Tous ces éléments placent pour l'instant la Corée du nord dans une position avantageuse. D'où son positionnement dans des conflits comme la guerre en Ukraine, où elle s'est clairement rangée du côté de l'envahisseur, en fournissant à la Russie de grandes quantités de munitions. La contrepartie n'est pas encore claire, mais il s'agit probablement de la fourniture de ressources énergétiques, bien plus utiles à la Corée du nord que des devises.

La réalité d'aujourd'hui est que le problème nord-coréen est entré dans une nouvelle phase, potentiellement dangereuse. Kim Jong-un s'est montré impitoyable et très intelligent : depuis plus de dix ans, il joue son va-tout, manipule habilement deux puissances mondiales à son avantage et adapte son régime et l'économie de son pays pour s'assurer un contrôle dynastique.
Sur le plan nucléaire, il s'est non seulement contenté de pouvoir frapper les États-Unis avec des armes nucléaires, mais il s'efforce désormais de développer une capacité de "seconde réponse" afin de prévenir les frappes préventives contre son programme d'armement nucléaire ou tout autre programme d'armement. Cela mettrait le pays sur un pied d'égalité avec les principales puissances nucléaires du monde, augmentant ainsi de manière exponentielle sa capacité de dissuasion.
Parallèlement à sa capacité nucléaire, la Corée du nord possède une énorme capacité de dissuasion conventionnelle, basée principalement sur son artillerie à longue portée. L'option de la guerre contre Pyongyang est donc tout simplement inacceptable. Une simple riposte conventionnelle contre Séoul, qui se trouve à portée de l'artillerie nord-coréenne, ferait des milliers de morts et de blessés, tout en dévastant l'un des principaux centres économiques du monde. Et c'est précisément la clé de la situation actuelle. Le poids économique de la Corée et son rôle de centre de production technologique mondial font qu'aucune option qui mettrait en péril sa capacité de production ne peut être envisagée. Les effets sur l'économie mondiale seraient énormes et personne ne veut affronter ce spectre.

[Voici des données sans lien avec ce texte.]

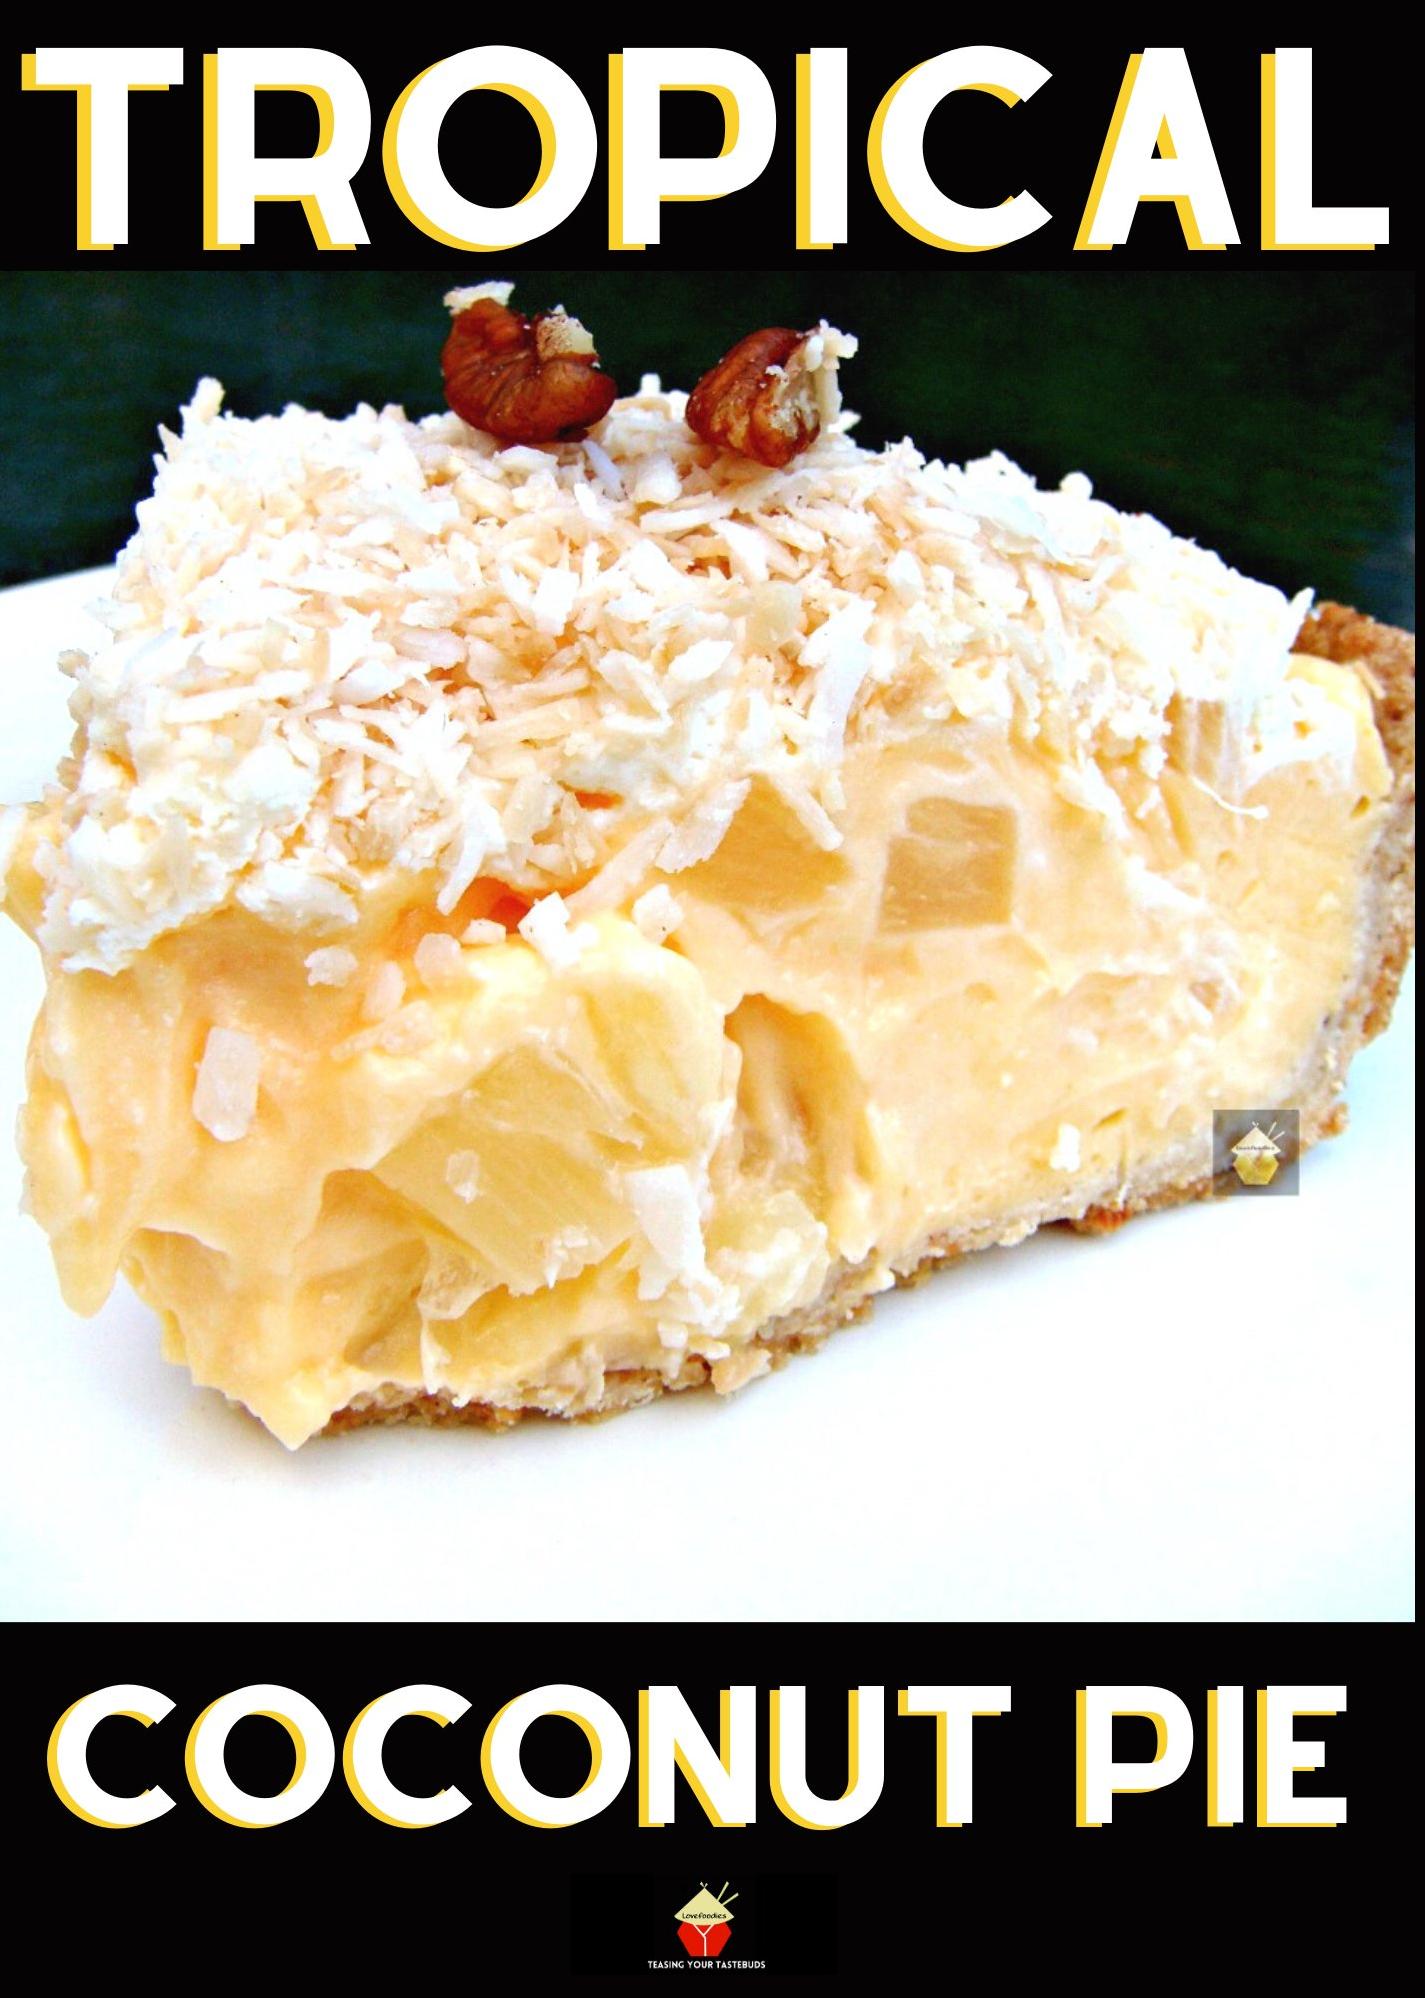  The creamy coconut filling is perfectly balanced with the sweet and tangy flavors of the tropical fruit topping.

Kim Jong-un est trop intelligent pour penser que la réunification des deux Corées, évidemment sous son régime, est impossible. Cependant, il est parfaitement conscient de la situation sur l'échiquier géopolitique mondial, et il continuera à l'utiliser pour faire le plus de profit possible, d'une part, et, d'autre part, pour faire progresser sa capacité de dissuasion et assurer ainsi son maintien au pouvoir et celui de son peuple, ainsi que la continuité du régime à n'importe quel prix. La situation actuelle montre que le régime est beaucoup plus rationnel que nous ne voulons le croire, mais qu'il est de plus en plus dangereux, car il se sent plus en sécurité qu'il ne l'a peut-être jamais été au cours des dernières décennies.